EXERCISE INSTRUCTIONS => Your task is to output the listing exactly, leaving every image out.
[DATASET CONTENT — start]
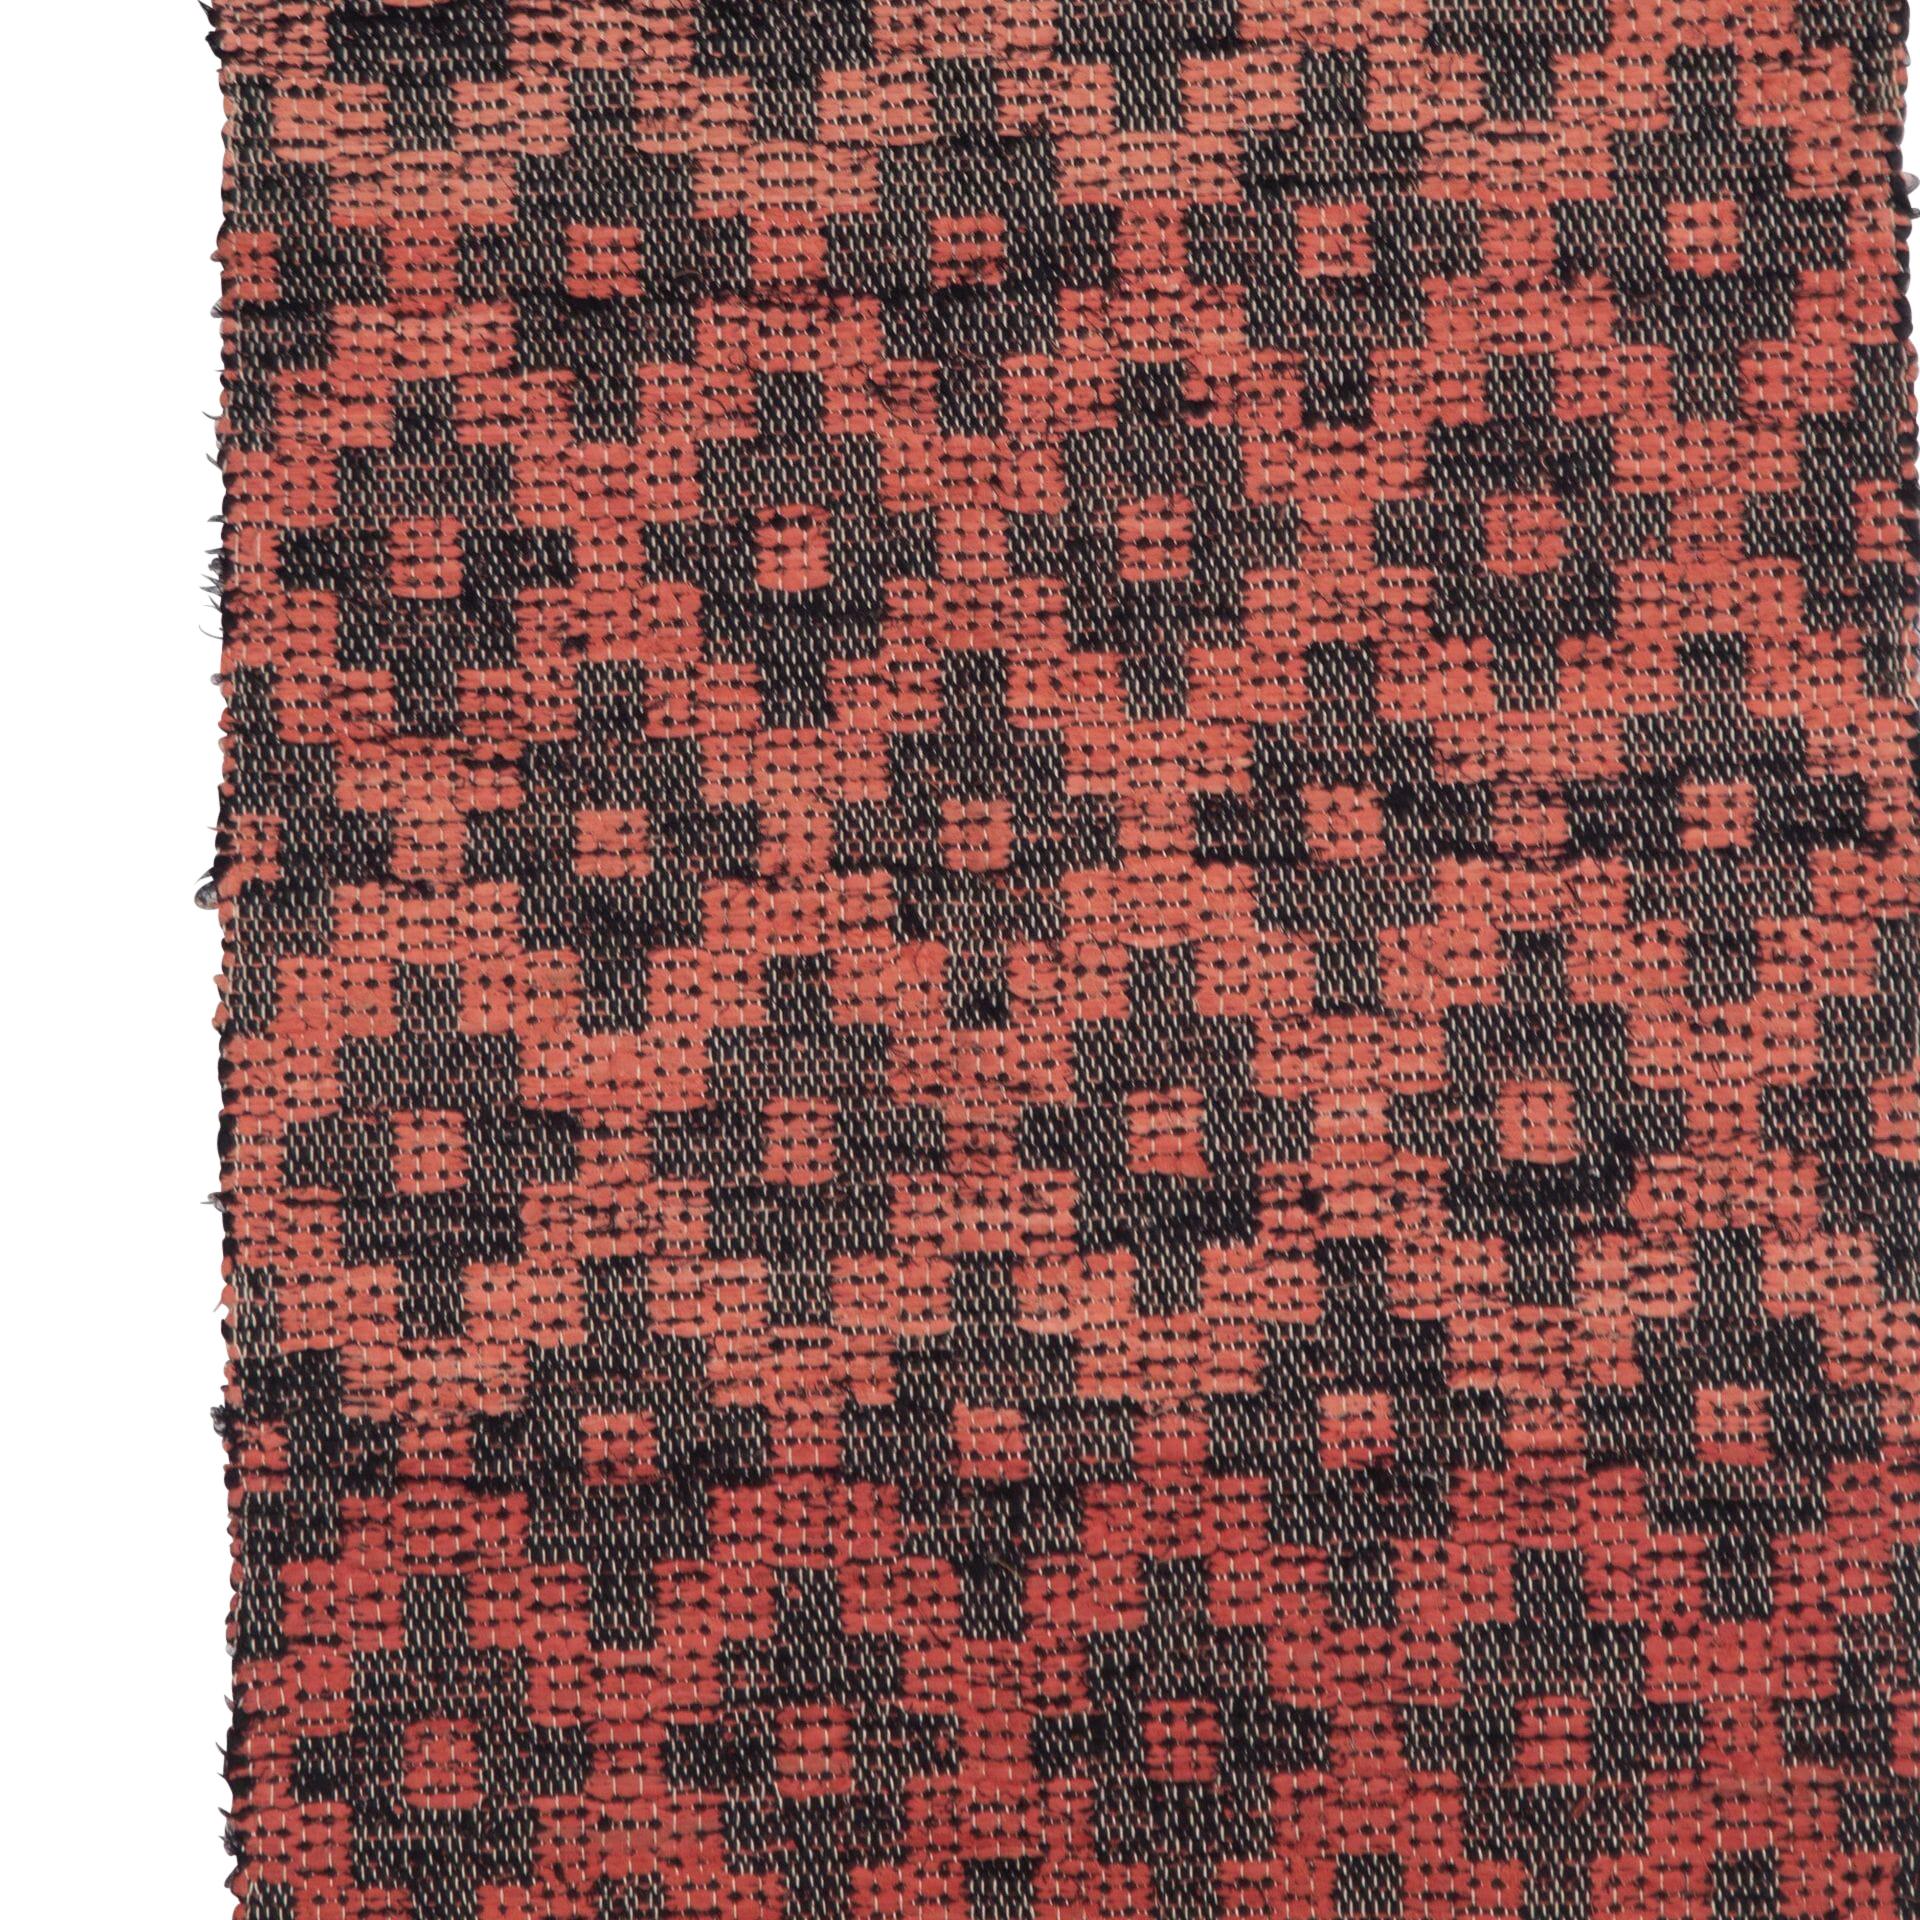 Traditioneller schwedischer Teppich des 20. Jahrhunderts mit geometrischem Muster. 
Um 1950.
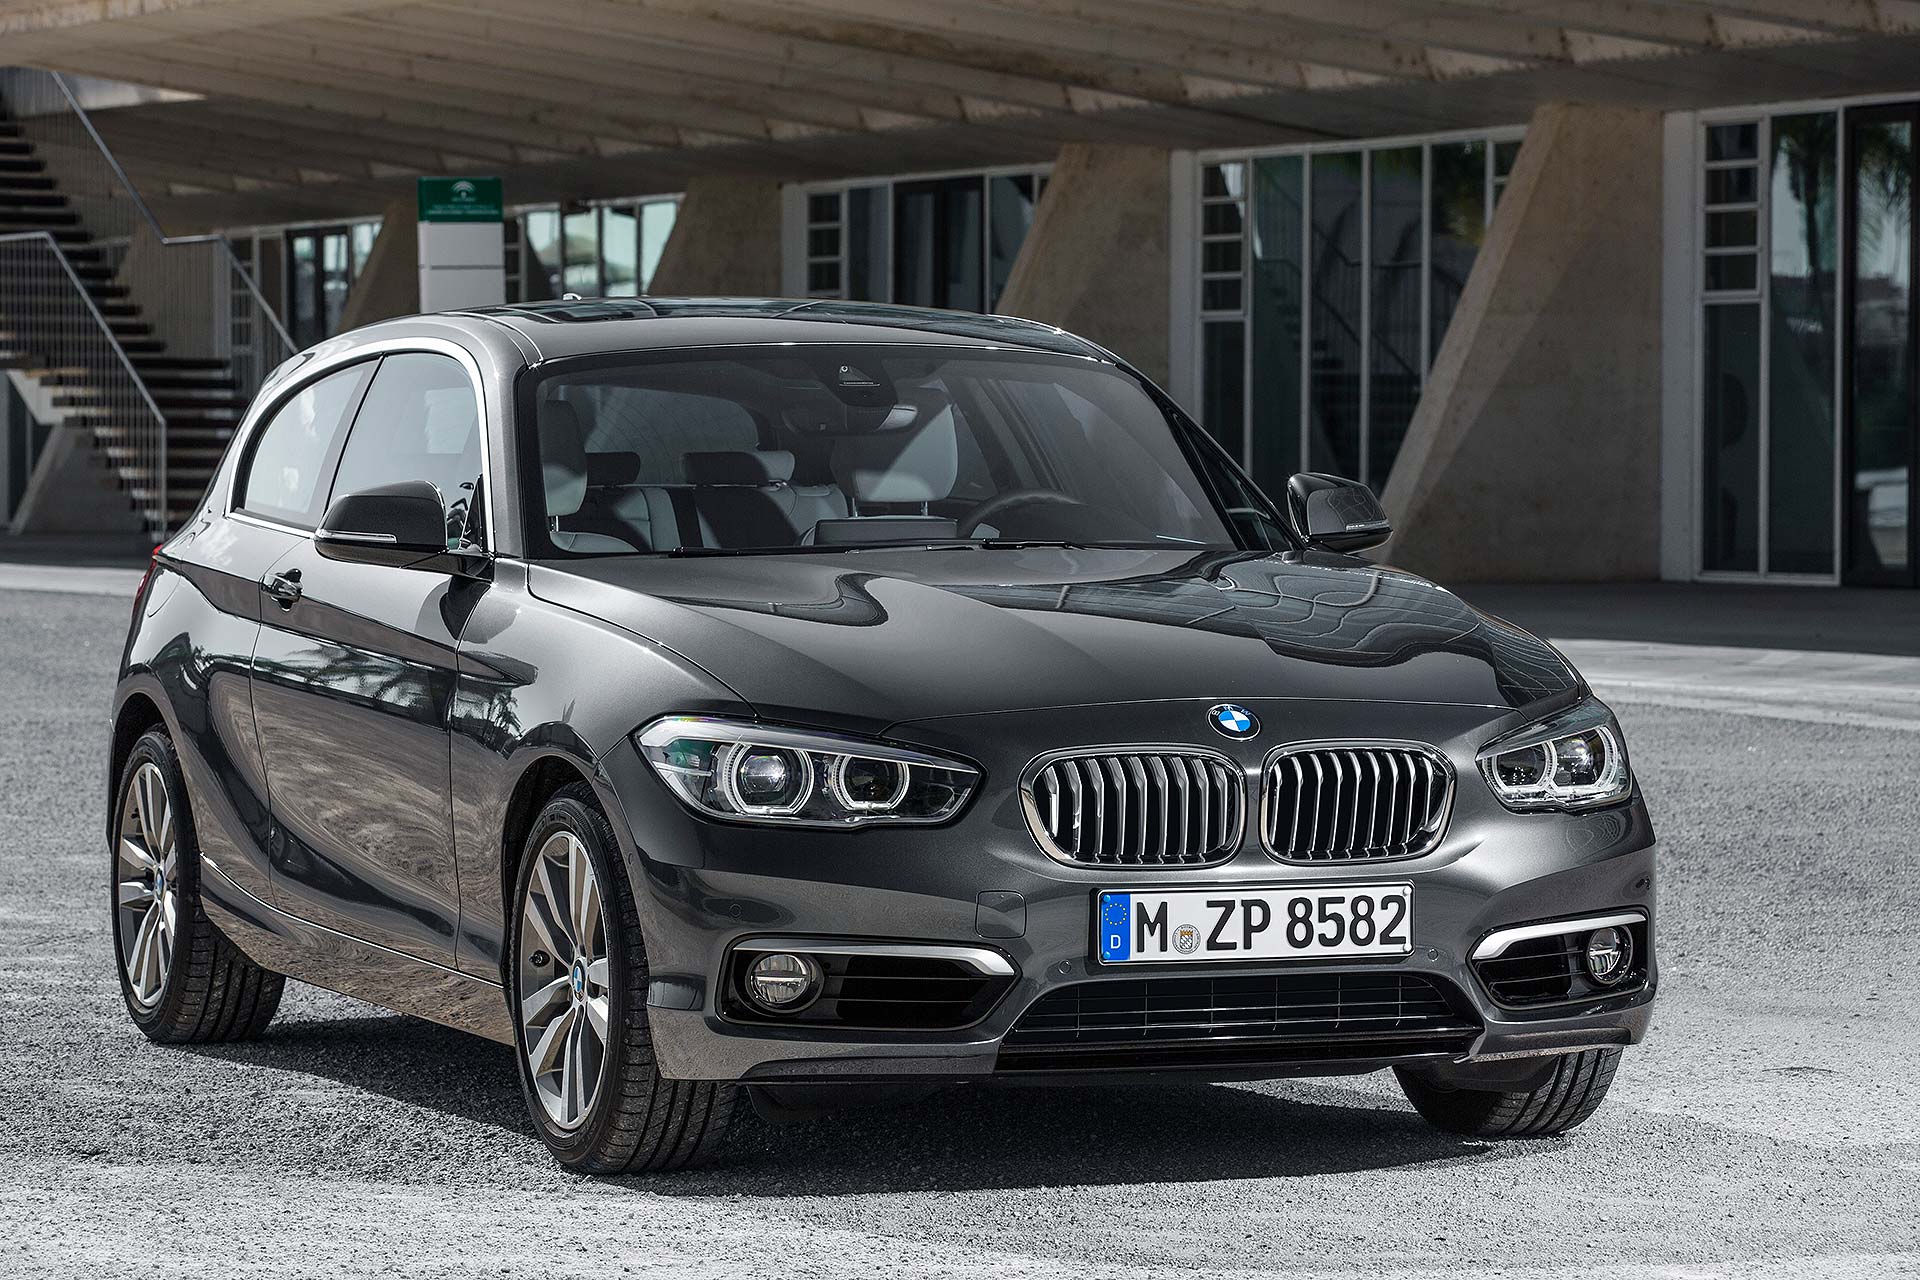 BMW 1er Facelift 2015: F20 / F21 LCI gründlich überarbeitet
[DATASET CONTENT — finish]
RESULT OF THIS EXERCISE =>
 Traditioneller schwedischer Teppich des 20. Jahrhunderts mit geometrischem Muster. 
Um 1950.
 BMW 1er Facelift 2015: F20 / F21 LCI gründlich überarbeitet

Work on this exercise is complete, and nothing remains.